On the other hand, the exact root cause, which is acting against founders in one place (AI), is tremendously helpful in another. It removes—or at least significantly lessens—some early product development obstacles.
It's as if one door was getting shut while another was opening.
Many product startups can go through their runways at a significantly lower pace, thus making bootstrapping a feasible option. Given the funding climate, for some (many?), the only feasible option.
Oh, and given how much we can lower the bar for trying out an idea, we should expect many more people to do just that. Not only do we reroute many startups to bootstrapping, but we'll see more aspiring entrepreneurs, too.

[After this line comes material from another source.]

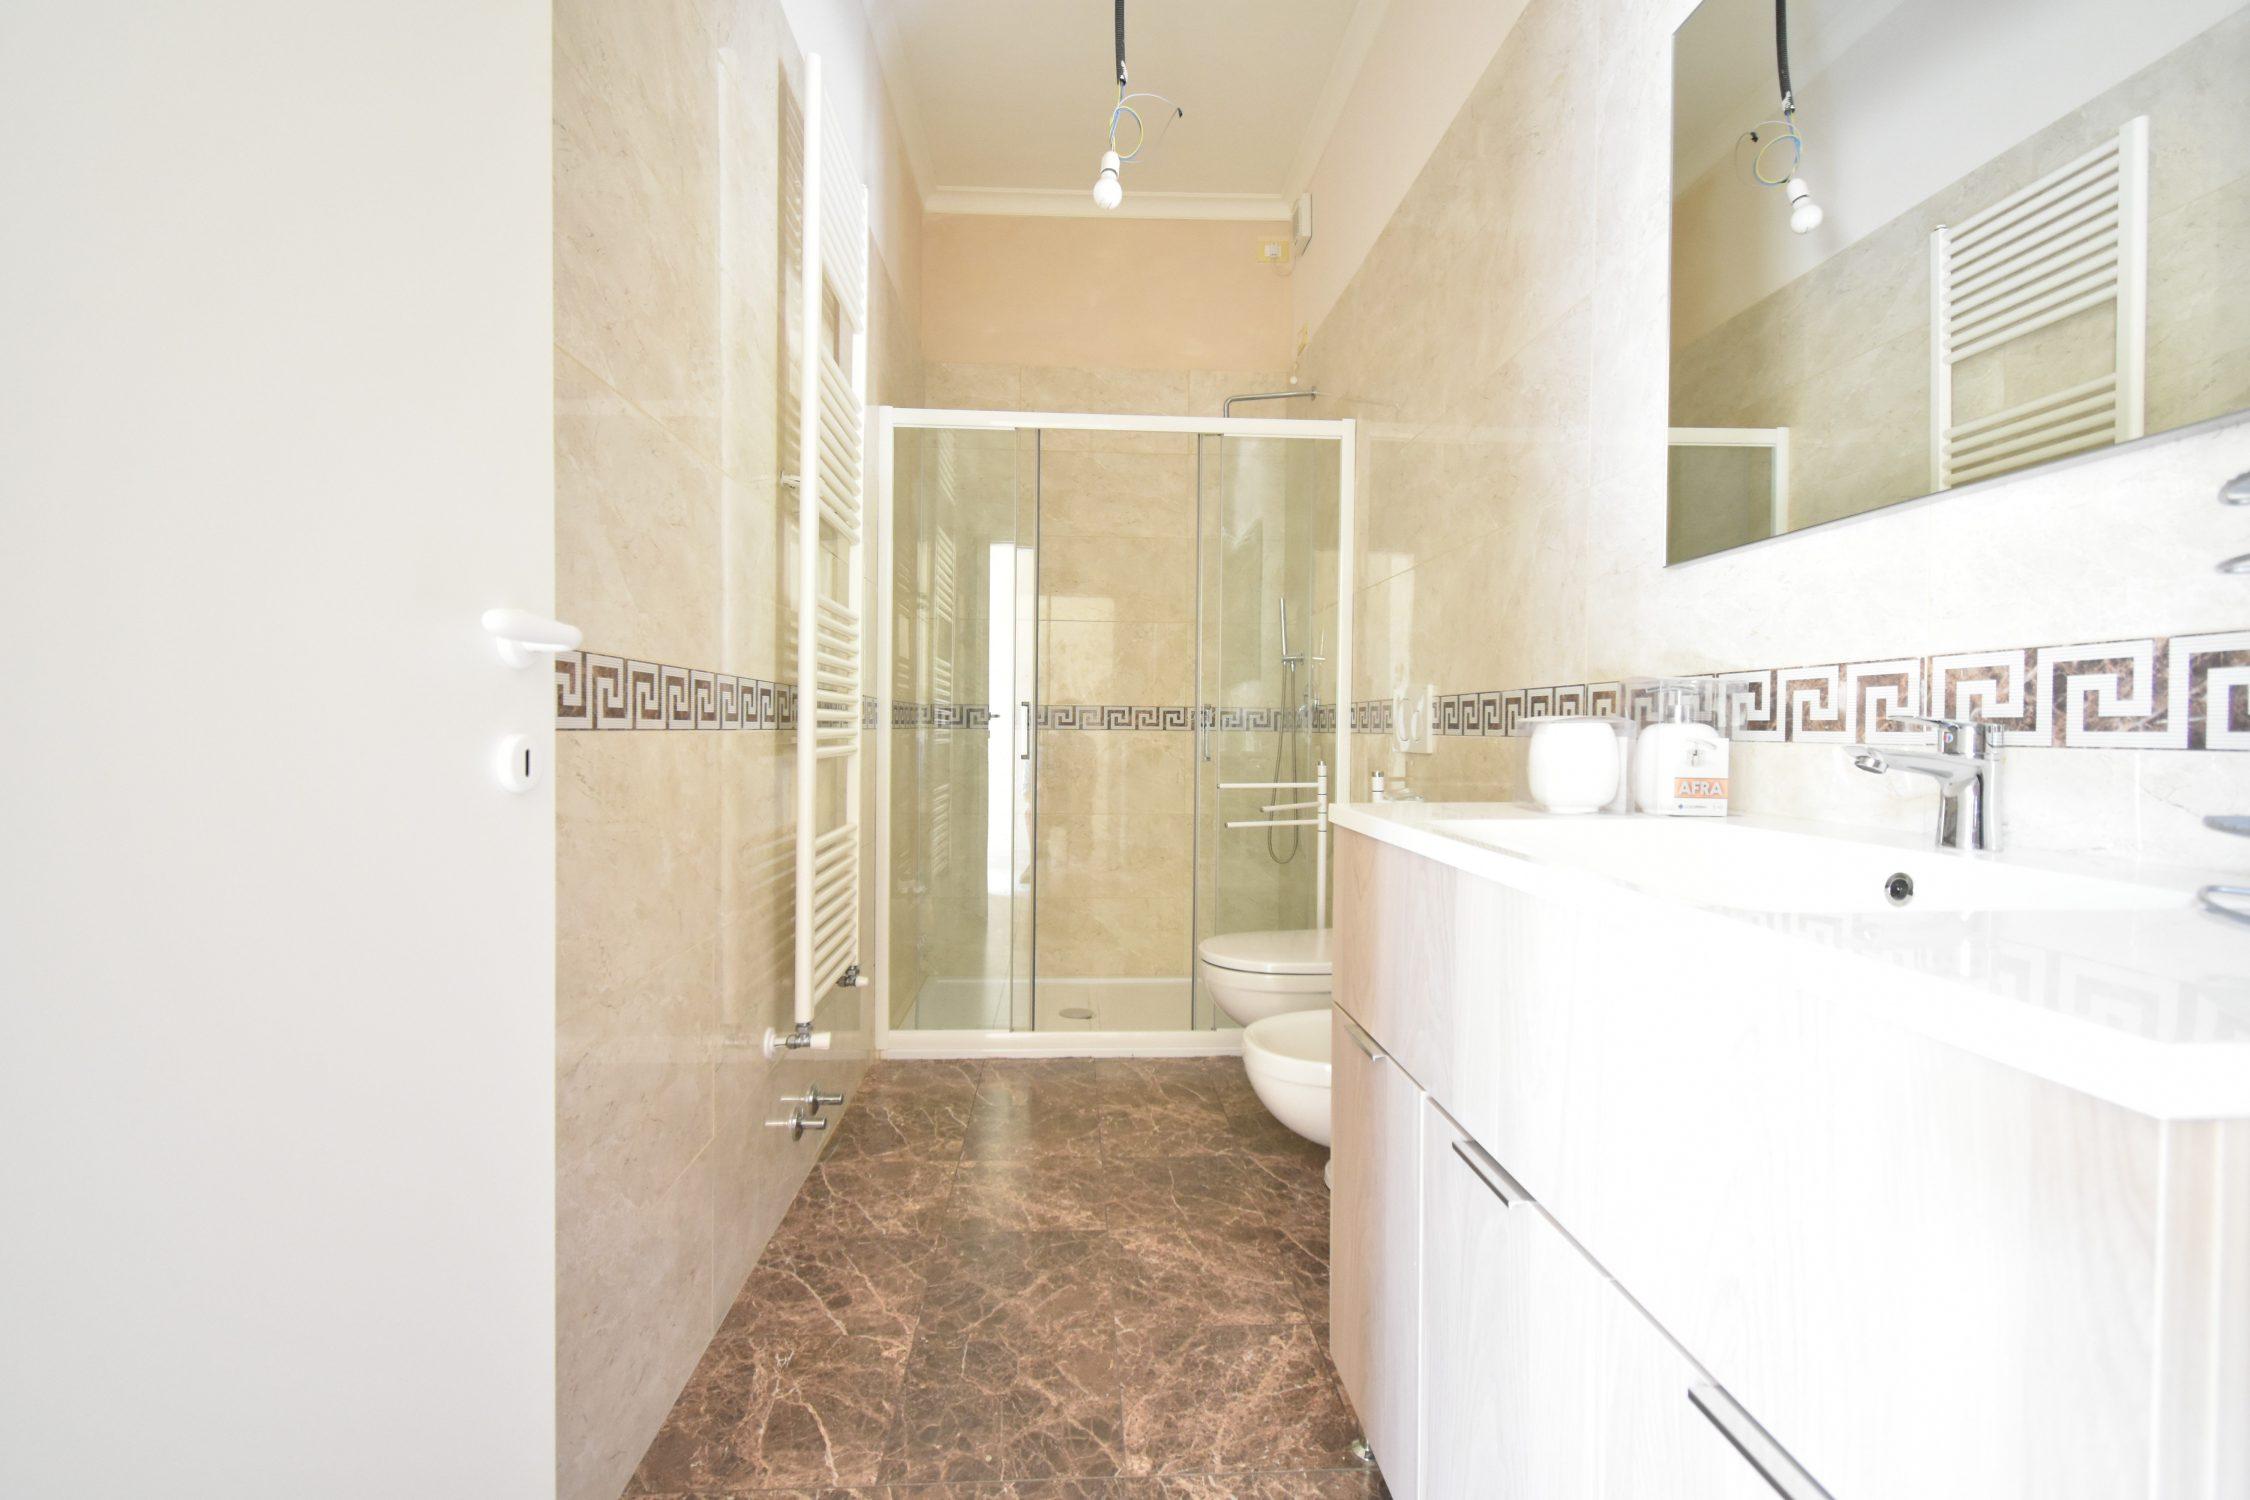 Appartamento di lusso in affitto con tre camere | Porta a Lucca | Pisa
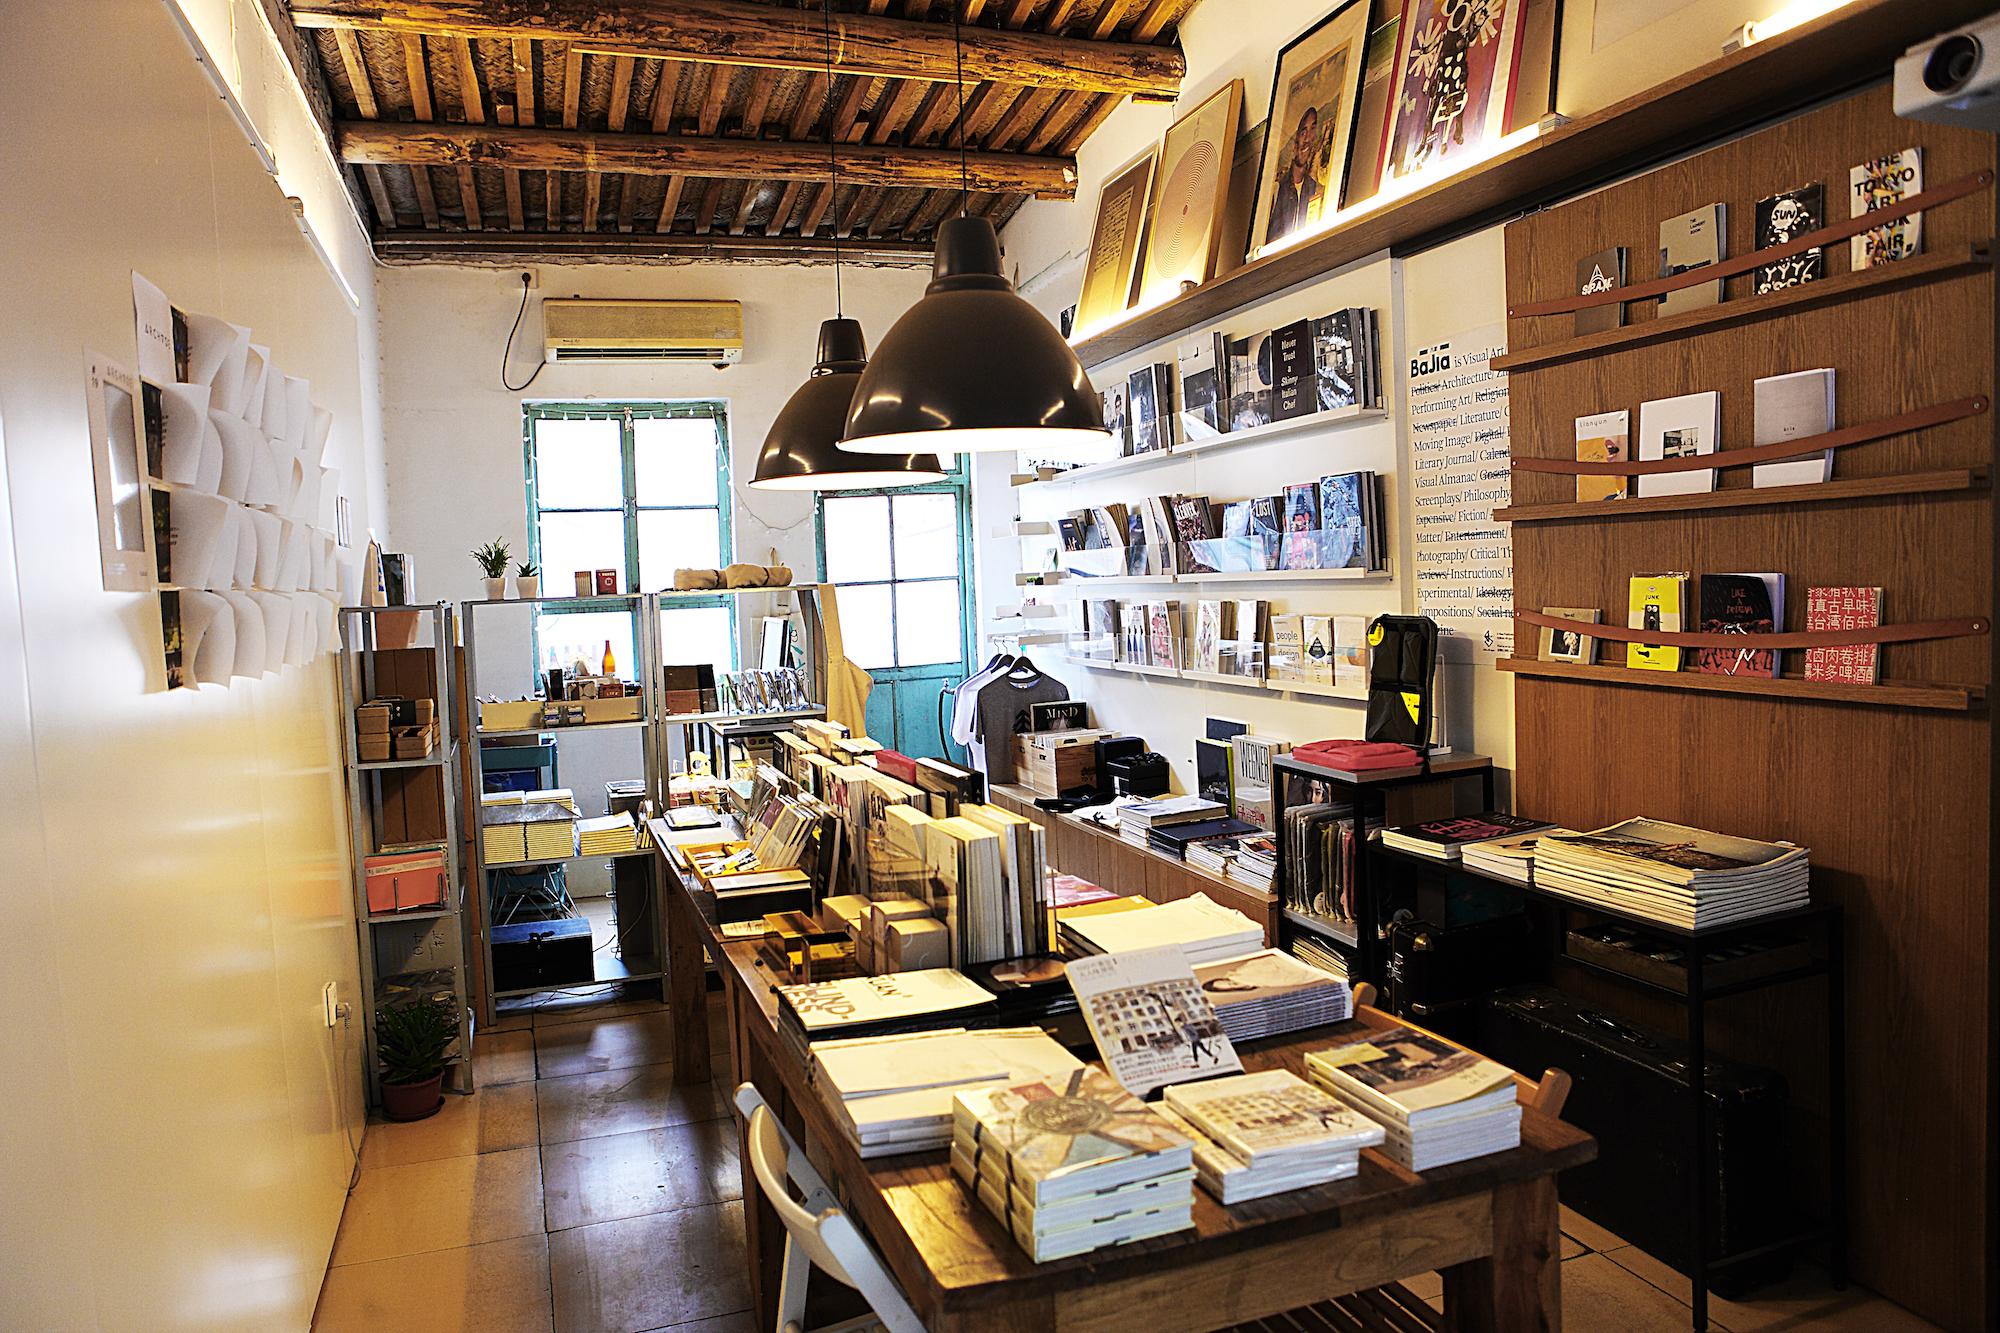 店里的裝修以美式復古工業風格為主,在店鋪中各位還可以看到很多有趣

Admittedly, if you dream about another unicorn, that's not a viable path. But then, again, discounting the hype toward the unicorns, what are the chances of creating another billion-dollar company?
As much as these stories don't get a ton of publicity, there's no shortage of entrepreneurs dreaming of building more modest businesses.
Curiously enough, the transition may force a reinvention of the VC business, which triggered the change in the first place. If you ask me, it would be a welcome change. But let's worry about it once we get there.